**Data segment:**

***

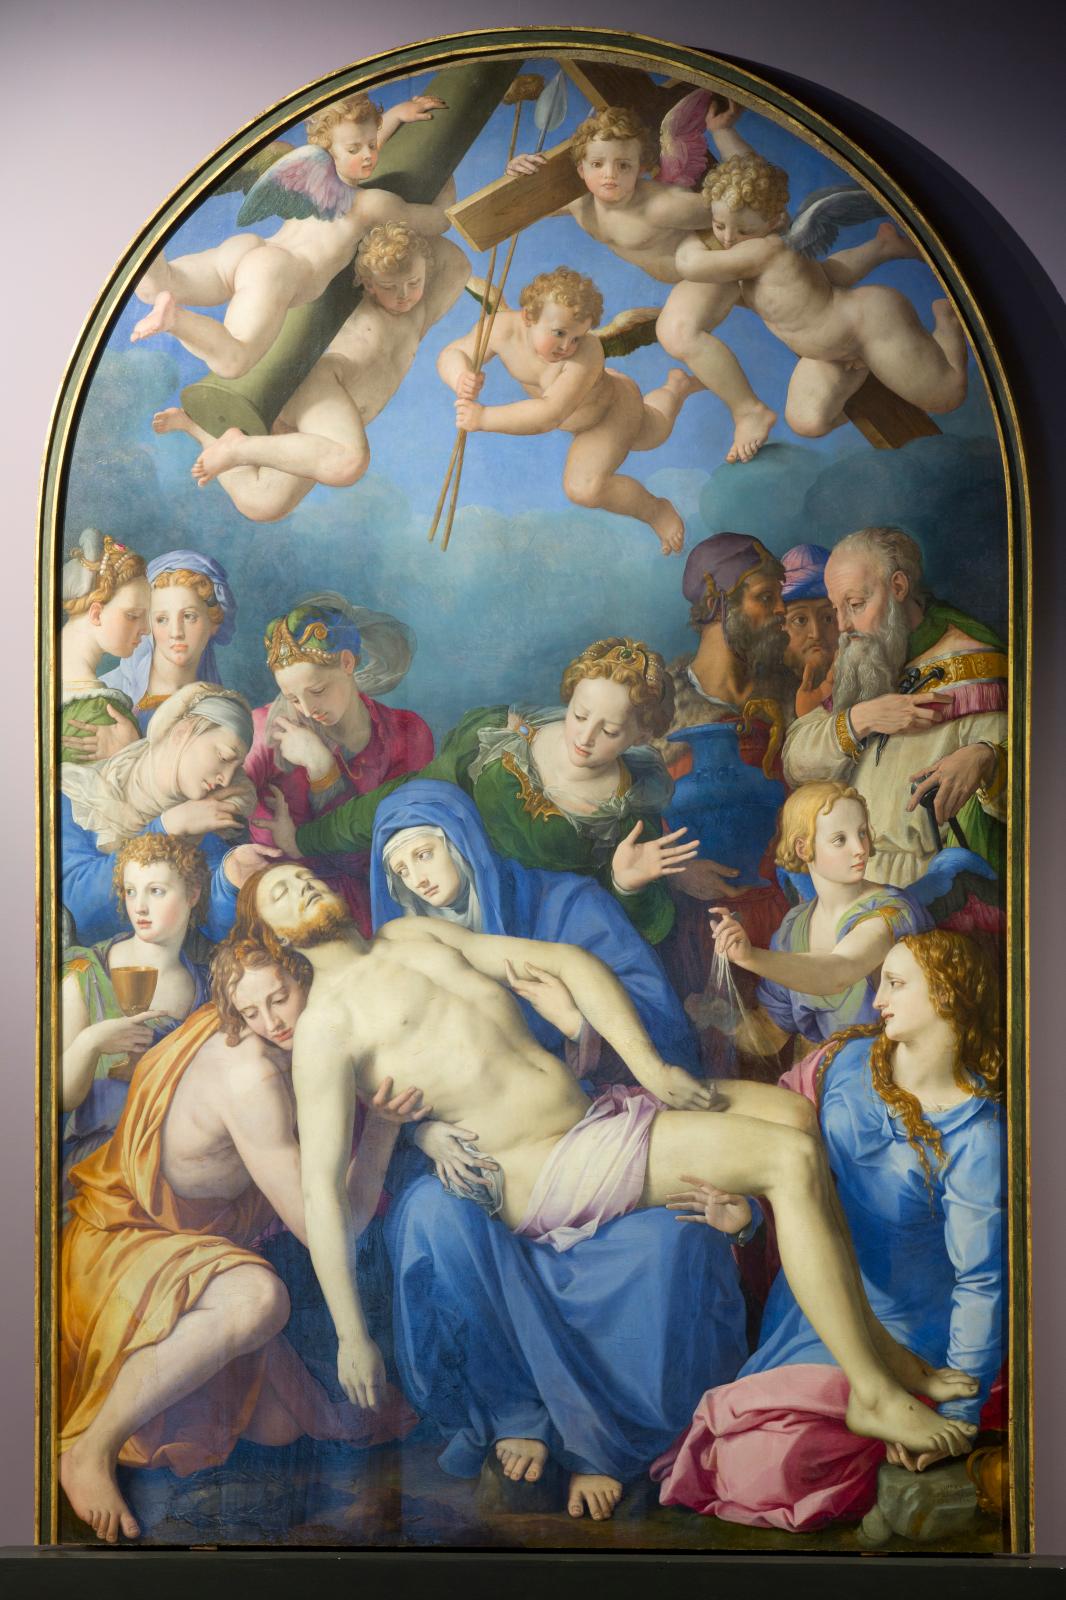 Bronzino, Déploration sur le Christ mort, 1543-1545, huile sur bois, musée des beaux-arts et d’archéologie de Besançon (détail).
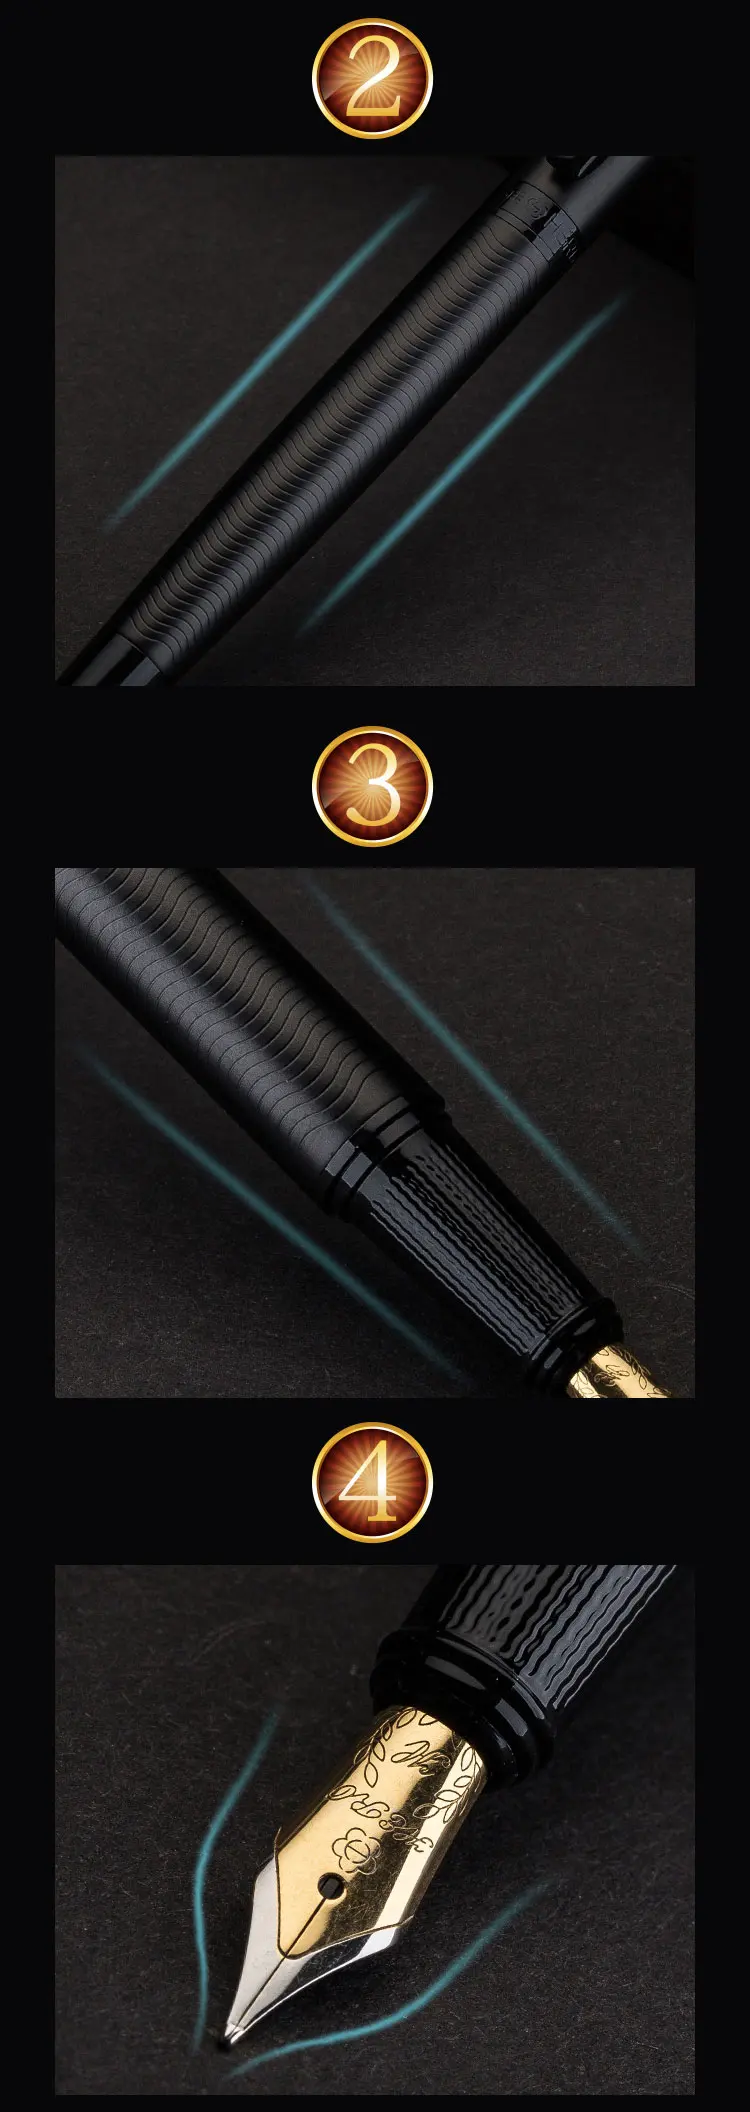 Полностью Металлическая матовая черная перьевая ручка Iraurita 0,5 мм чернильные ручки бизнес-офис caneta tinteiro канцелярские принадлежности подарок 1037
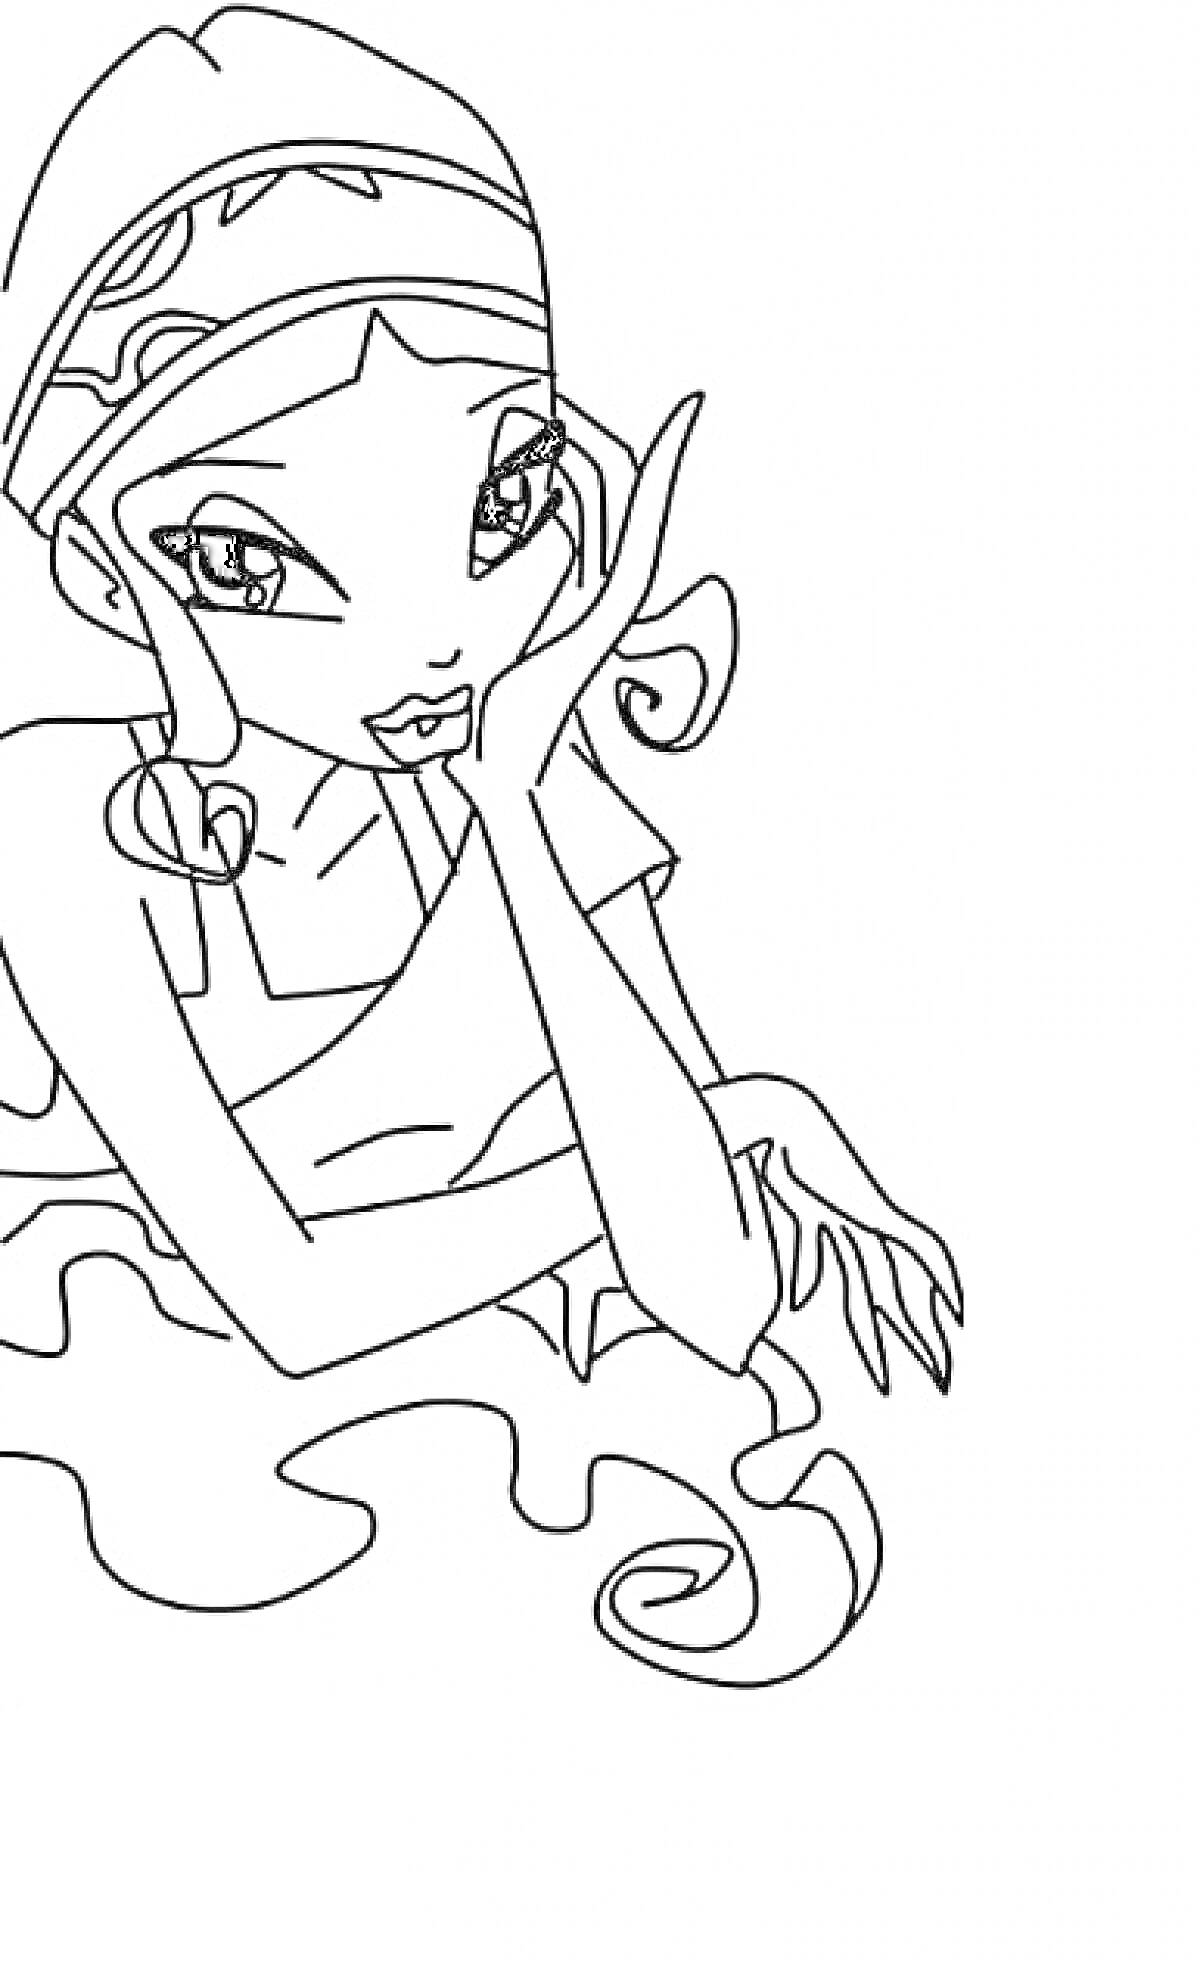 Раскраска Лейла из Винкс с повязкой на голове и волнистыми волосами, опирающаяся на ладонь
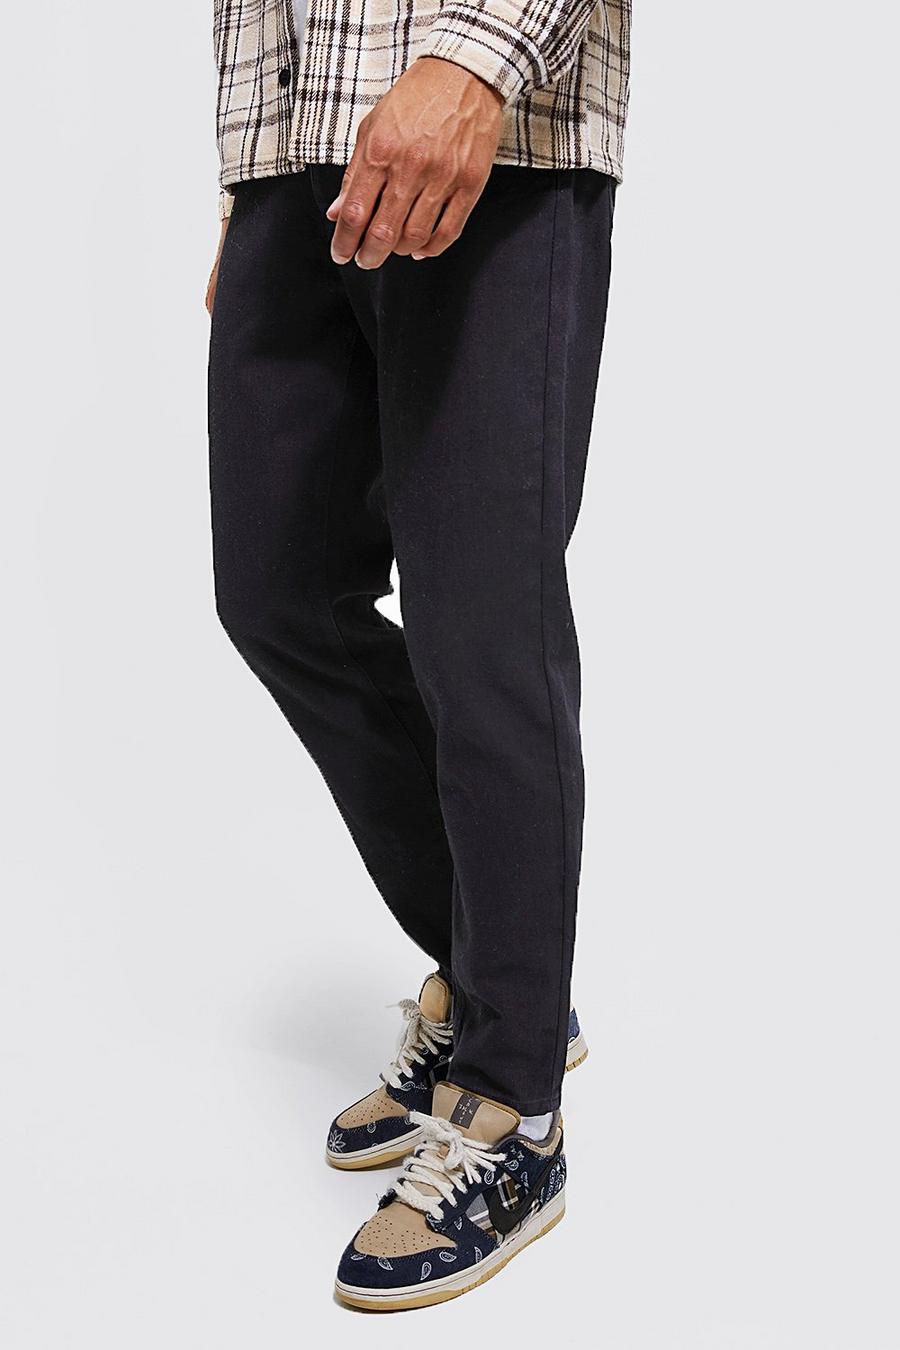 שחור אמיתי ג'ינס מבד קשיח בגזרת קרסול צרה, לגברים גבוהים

***

**The problem:**
Write out again exactly the lines above from the one with "Полностью Металлическая матовая" through the one with "Раскраска Лейла из", adding no other lines and no pictures.

**Answer space:**
 Полностью Металлическая матовая черная перьевая ручка Iraurita 0,5 мм чернильные ручки бизнес-офис caneta tinteiro канцелярские принадлежности подарок 1037
 Раскраска Лейла из Винкс с повязкой на голове и волнистыми волосами, опирающаяся на ладонь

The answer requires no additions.